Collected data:
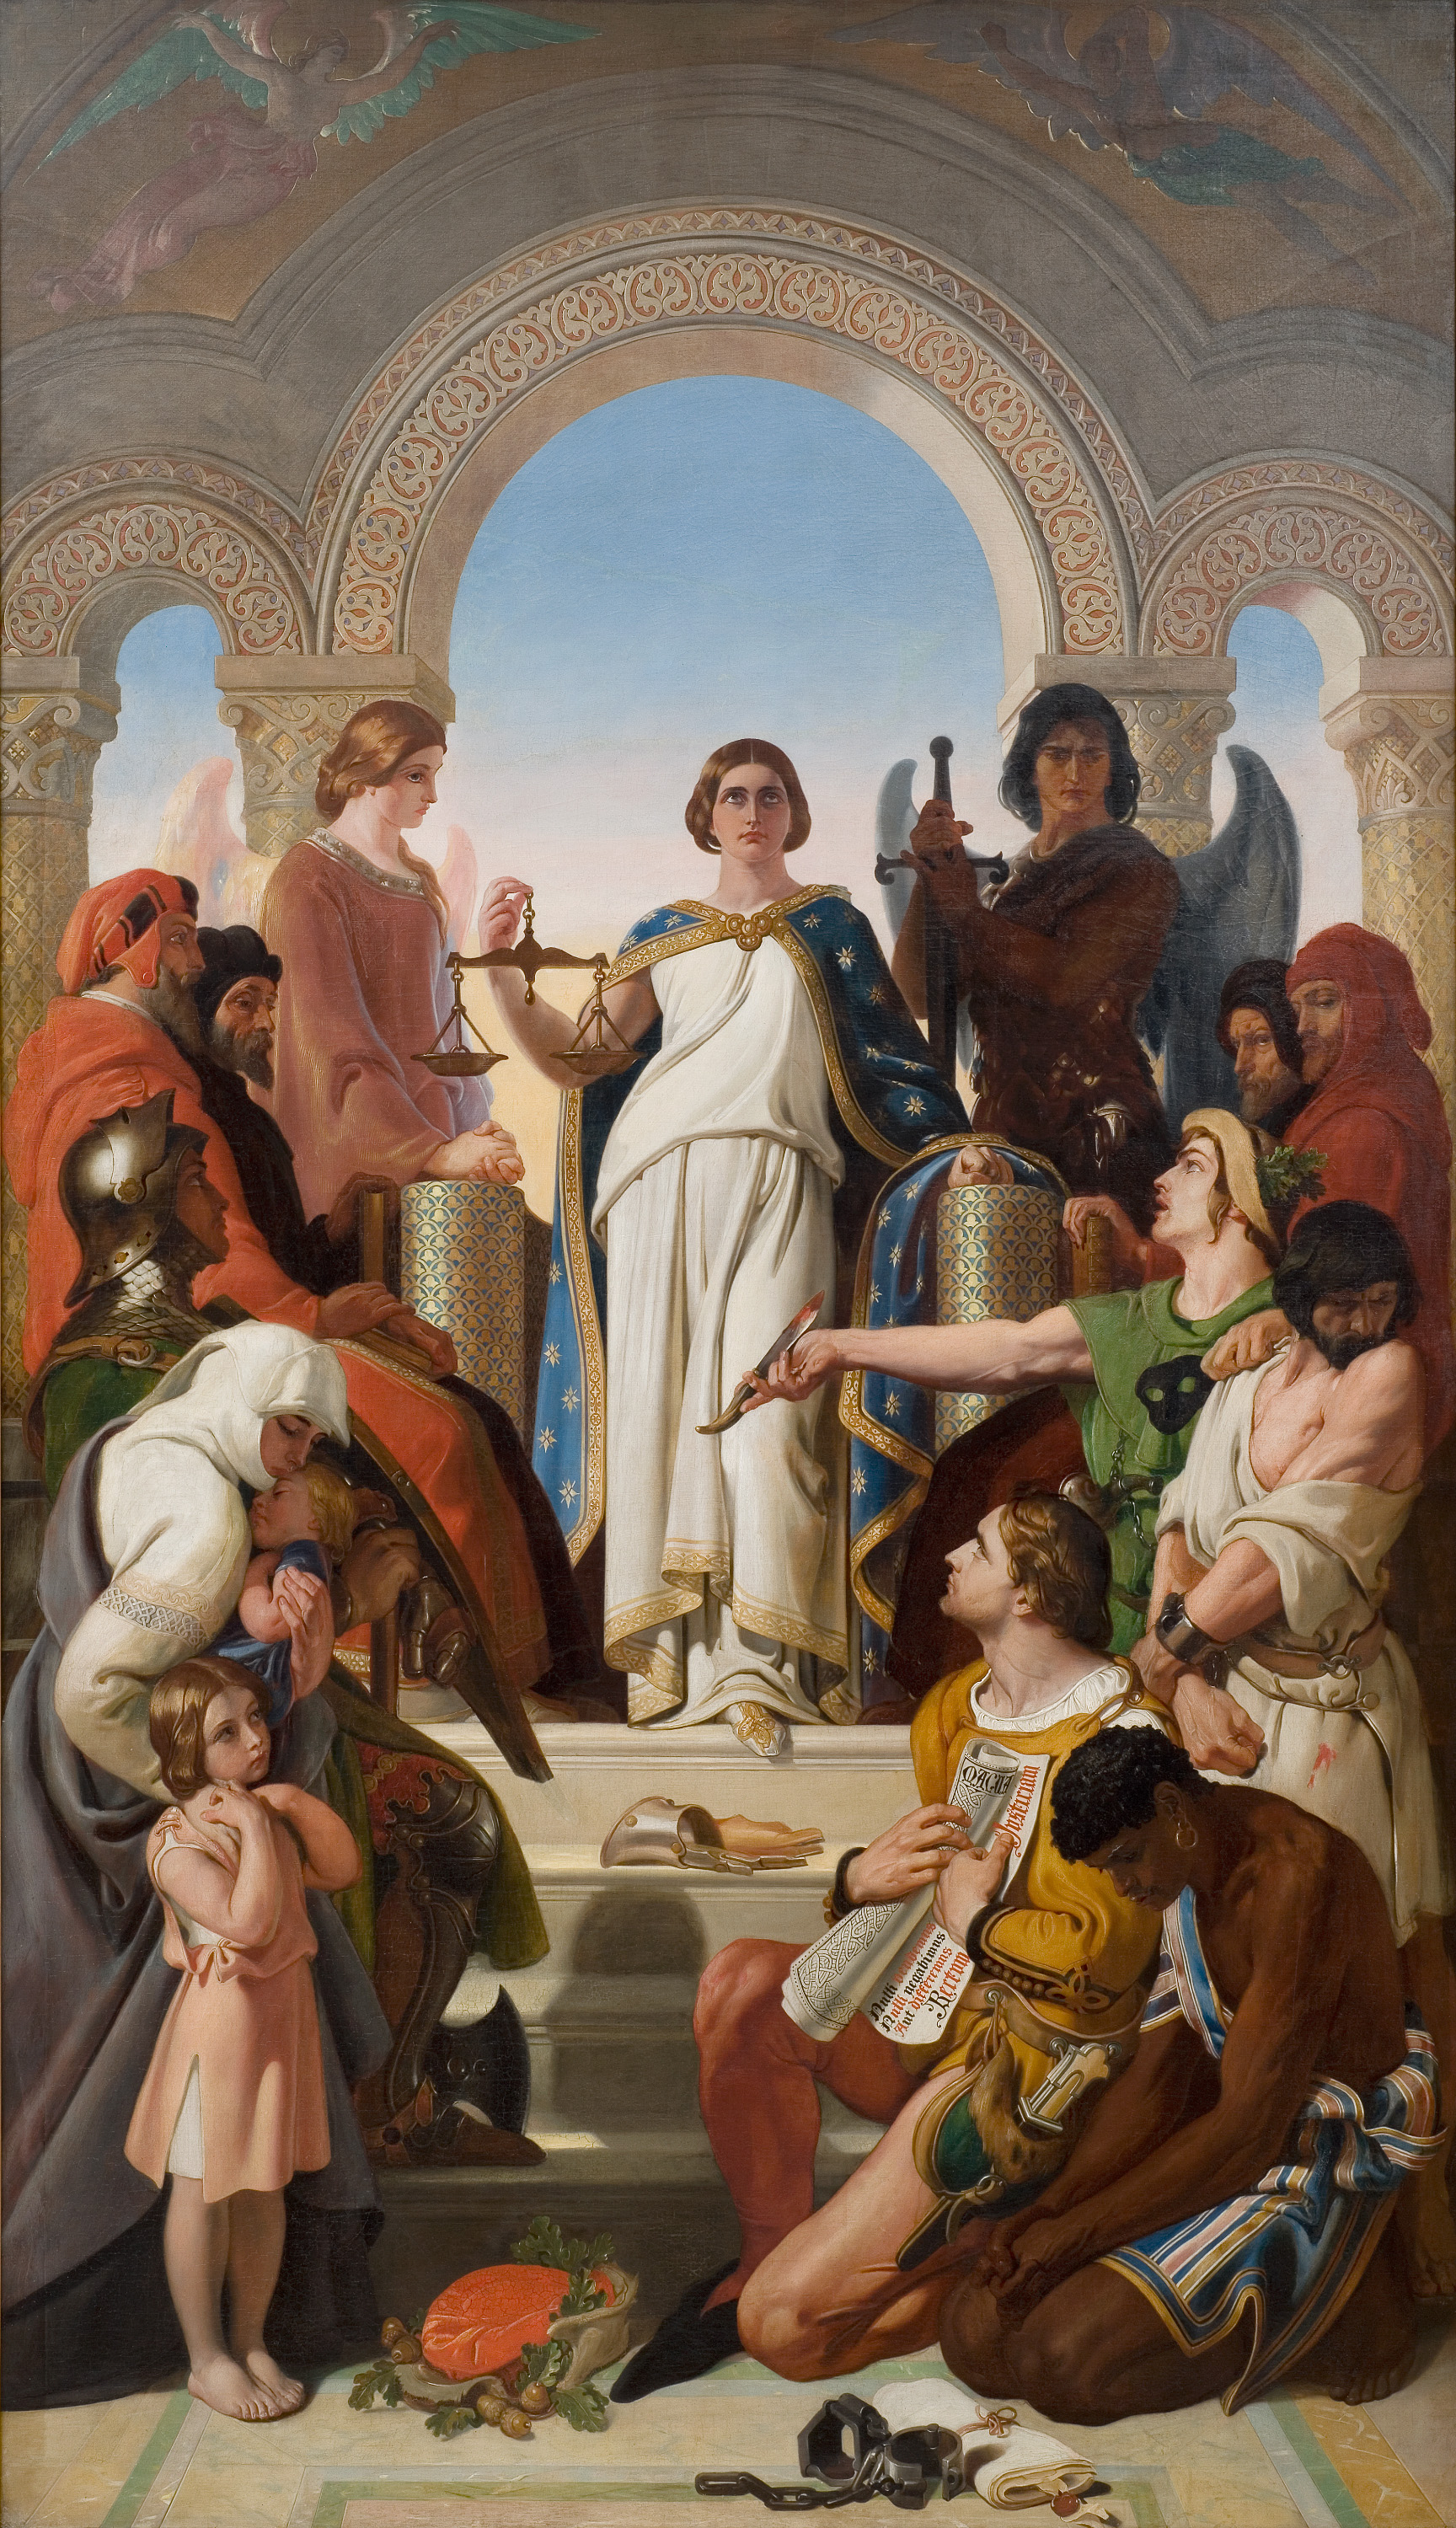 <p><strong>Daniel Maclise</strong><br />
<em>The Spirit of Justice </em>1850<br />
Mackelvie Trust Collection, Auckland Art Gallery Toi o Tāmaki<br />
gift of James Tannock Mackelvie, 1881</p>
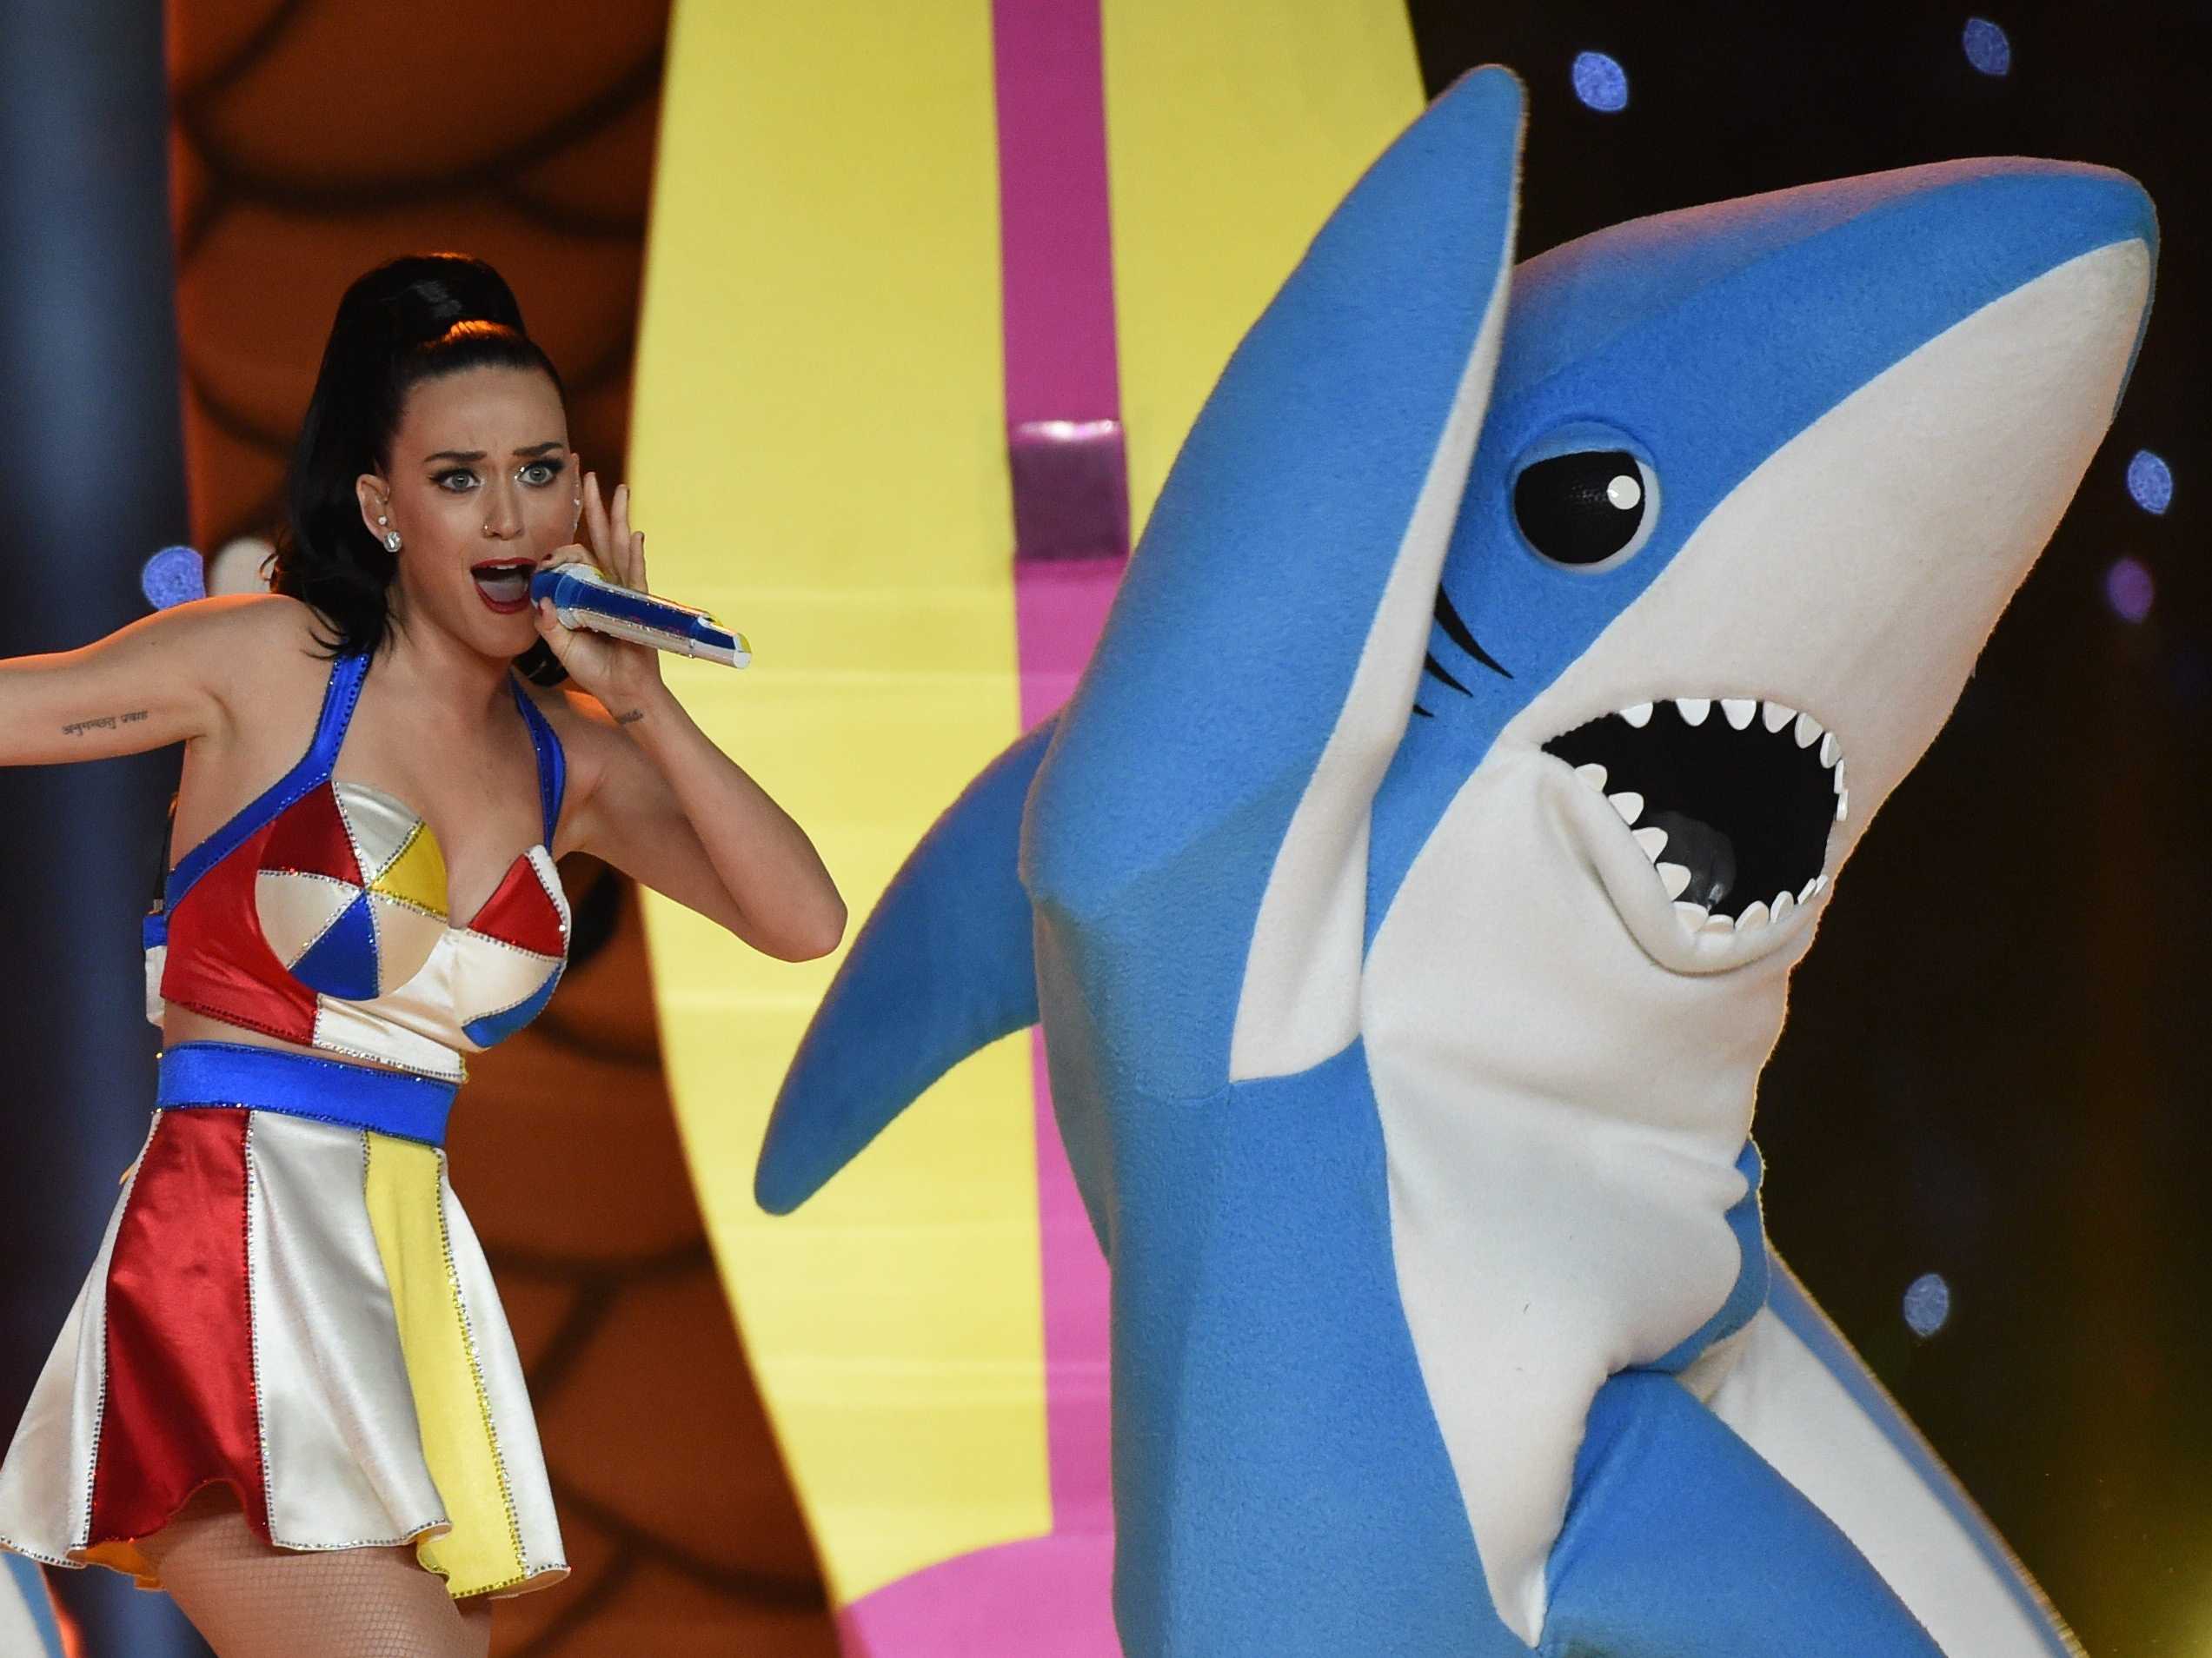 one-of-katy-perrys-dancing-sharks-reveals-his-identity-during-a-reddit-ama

■ **TASK DESCRIPTION**
Pictures are to be left out; all else in the entries above is to be quoted exactly.

■ **YOUR SOLUTION**
 <p><strong>Daniel Maclise</strong><br />
<em>The Spirit of Justice </em>1850<br />
Mackelvie Trust Collection, Auckland Art Gallery Toi o Tāmaki<br />
gift of James Tannock Mackelvie, 1881</p>
 one-of-katy-perrys-dancing-sharks-reveals-his-identity-during-a-reddit-ama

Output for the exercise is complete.